**TASK GOAL**
Everything from the line with "Portrait Throw Pillow" to the final line of the entries is to be set down exactly, except the pictures.

**DATA TO USE**
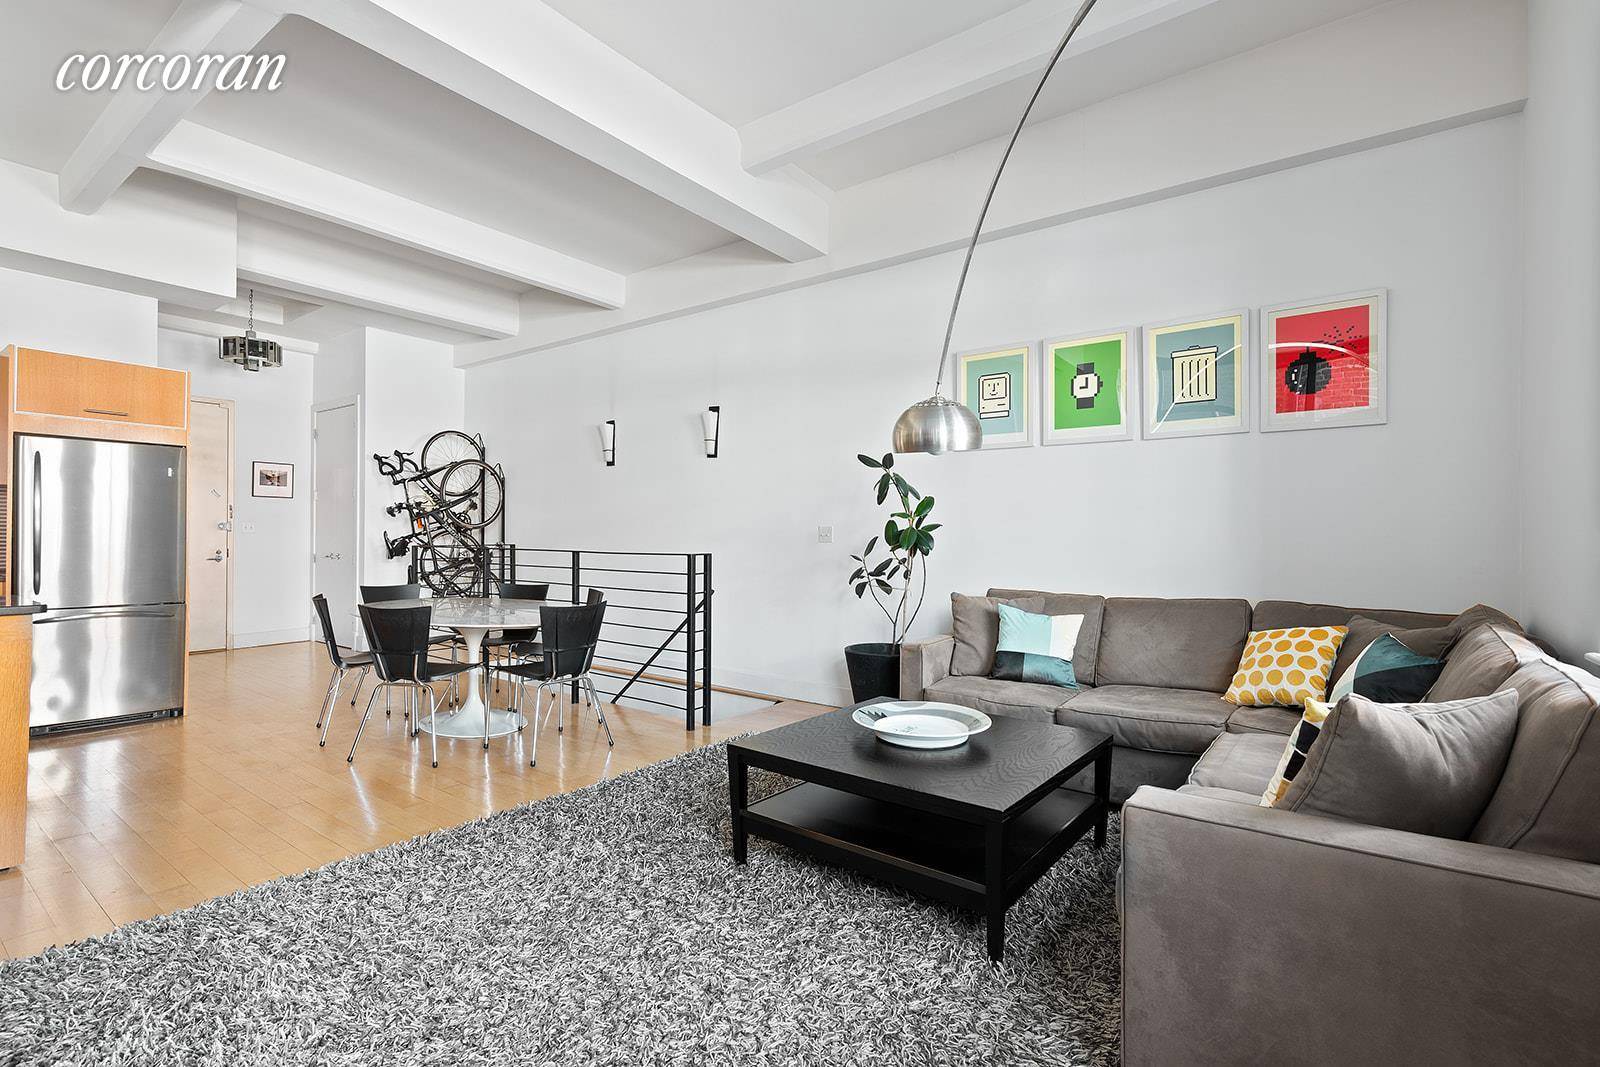 Accepted Offer ! The only 2 Bed 2 Bath Condo Loft in Williamsburg Prime, under 800 per square foot !
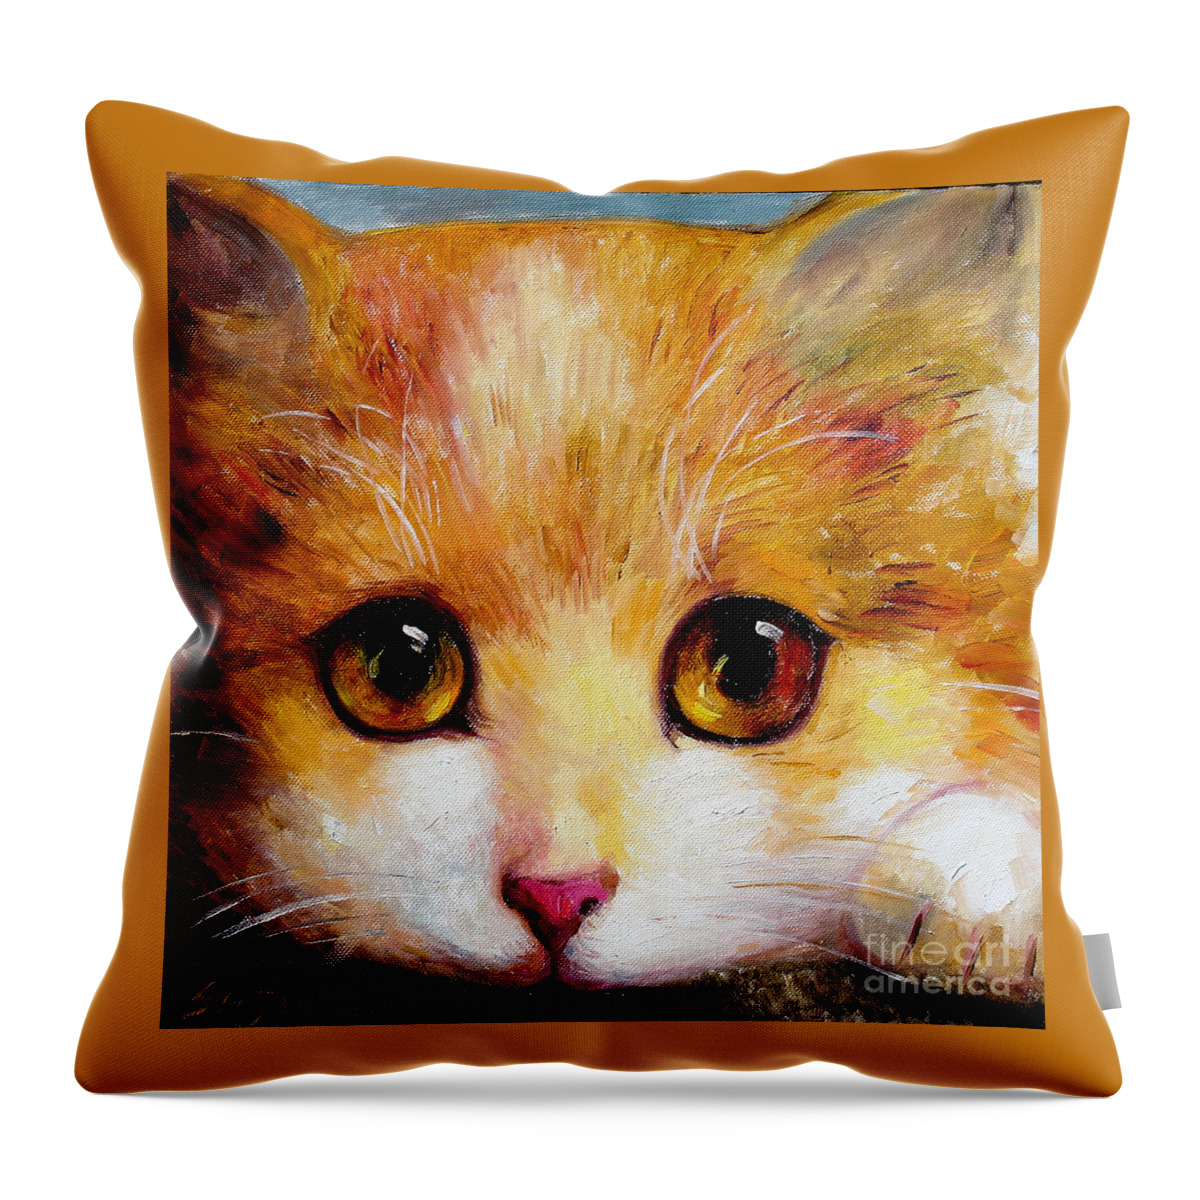 Portrait Throw Pillow featuring the painting Golden Eye by Shijun Munns
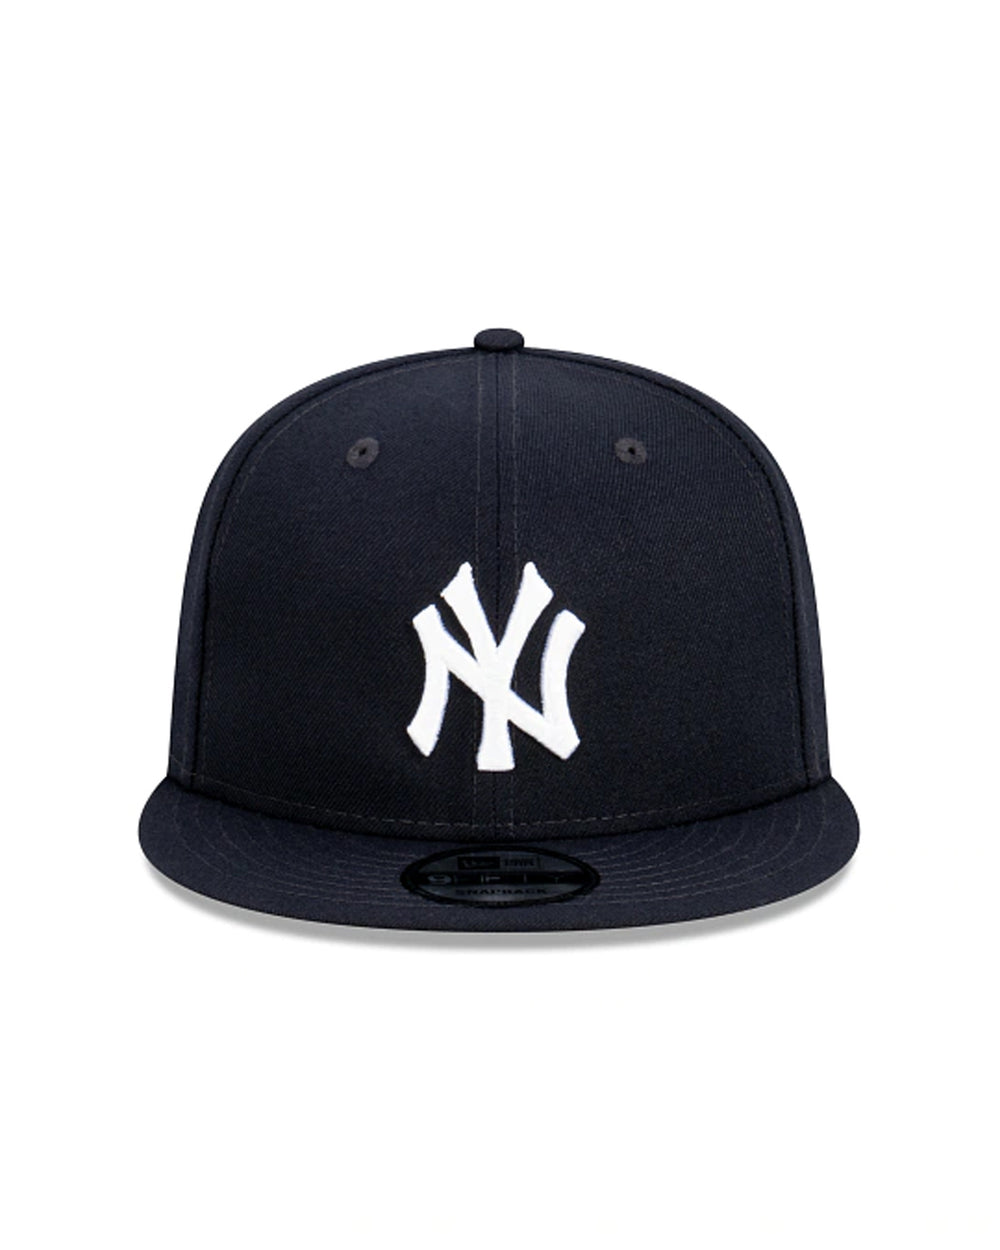 New York Yankees Official Team Colours 9FIFTY Snapback
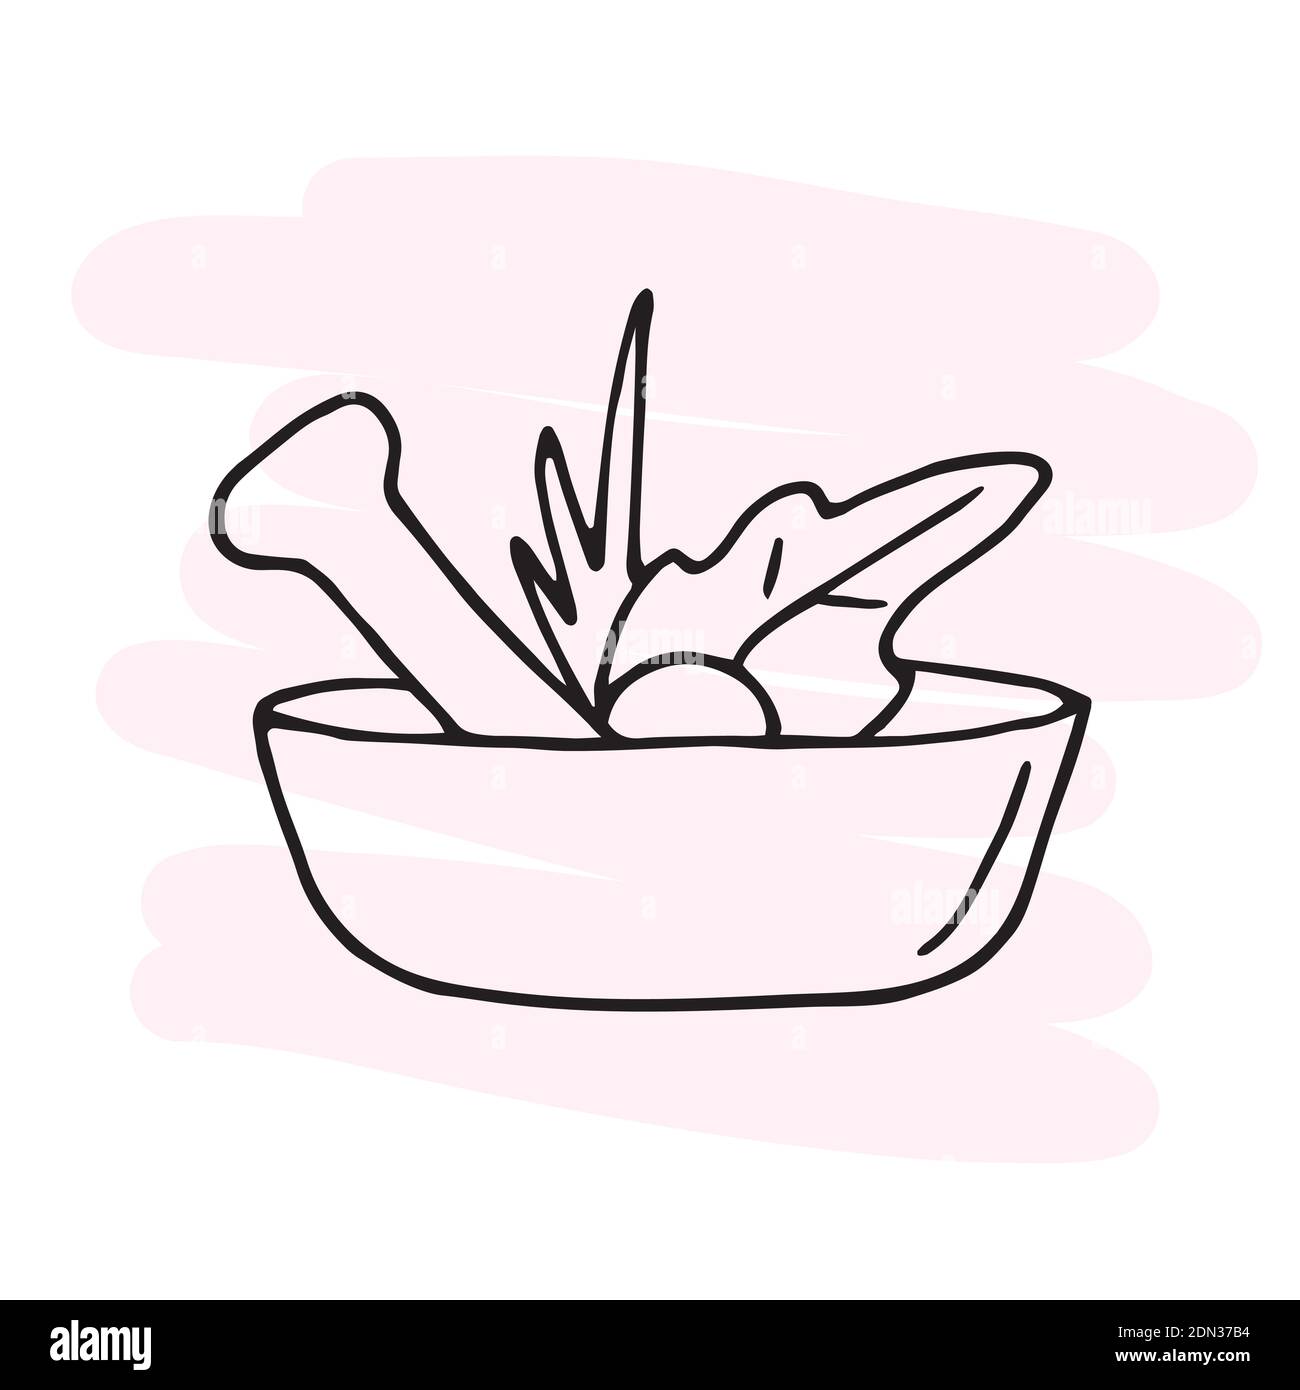 mortar with pestle for grinding ingredients. Attributes of alternative medicine. Doodle Stock Vector
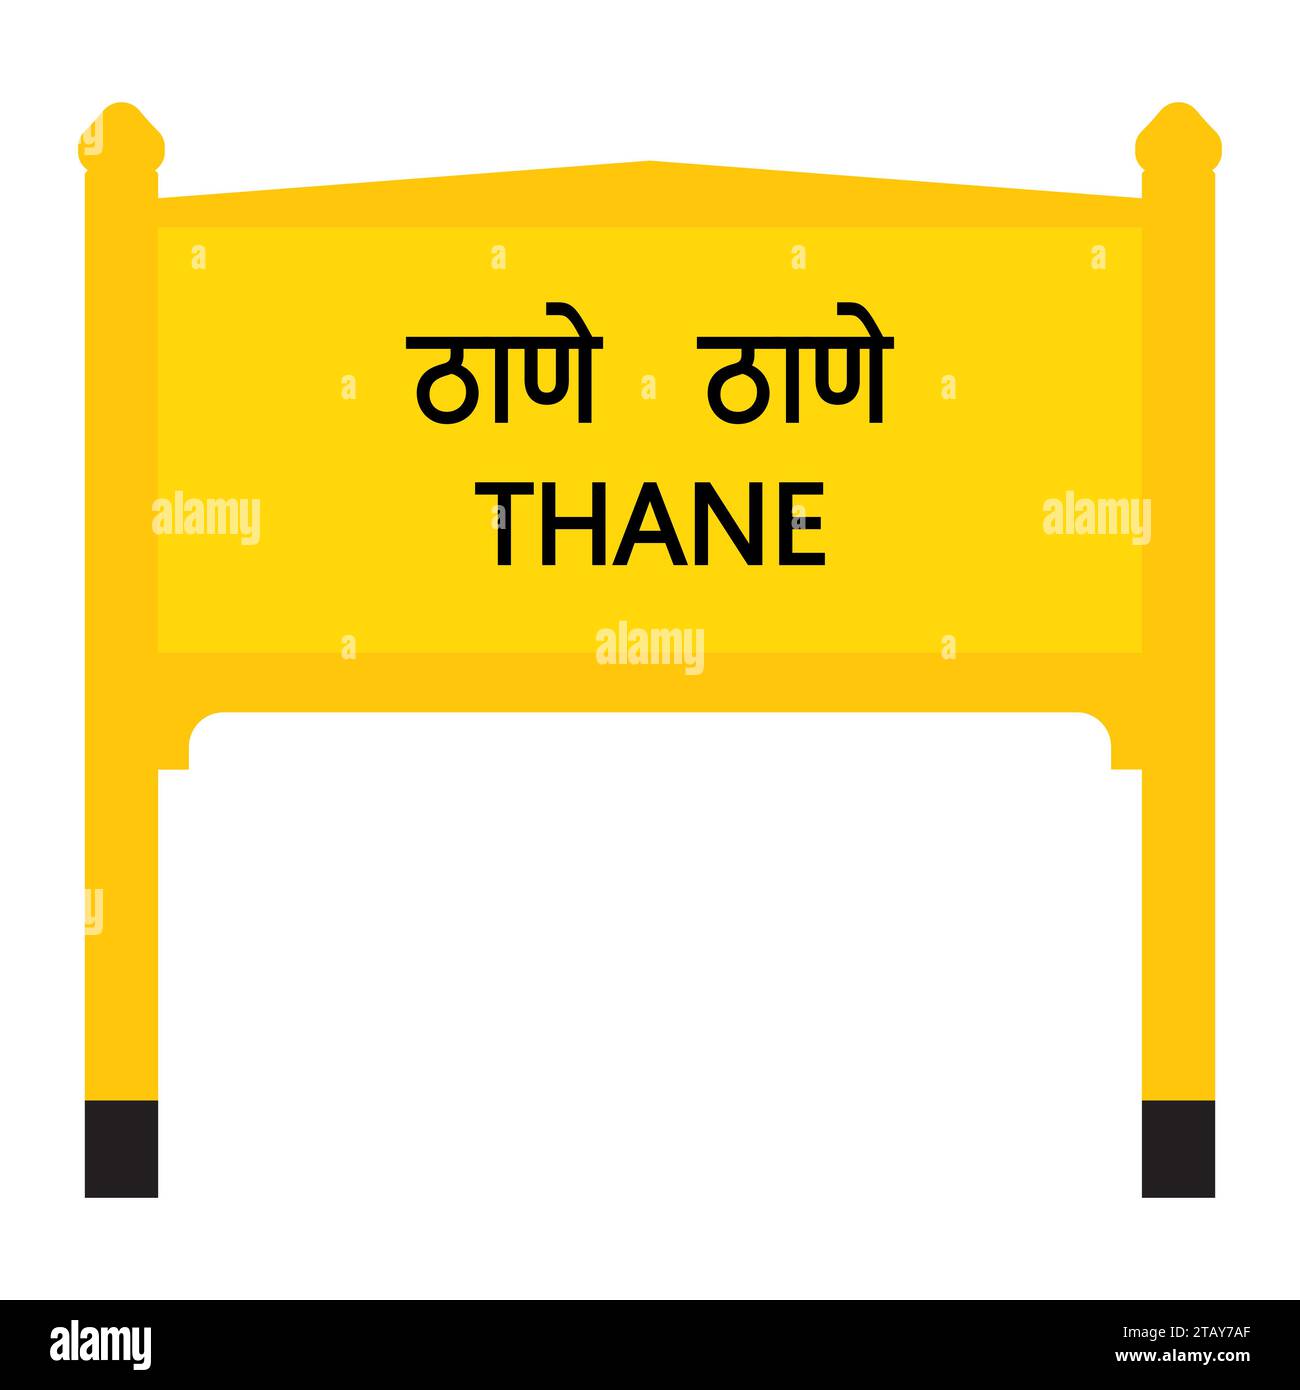 Thane junction railways name board isolated on white Stock Vector

**ANSWER BOX**
 Portrait Throw Pillow featuring the painting Golden Eye by Shijun Munns
 New York Yankees Official Team Colours 9FIFTY Snapback
 mortar with pestle for grinding ingredients. Attributes of alternative medicine. Doodle Stock Vector
 Thane junction railways name board isolated on white Stock Vector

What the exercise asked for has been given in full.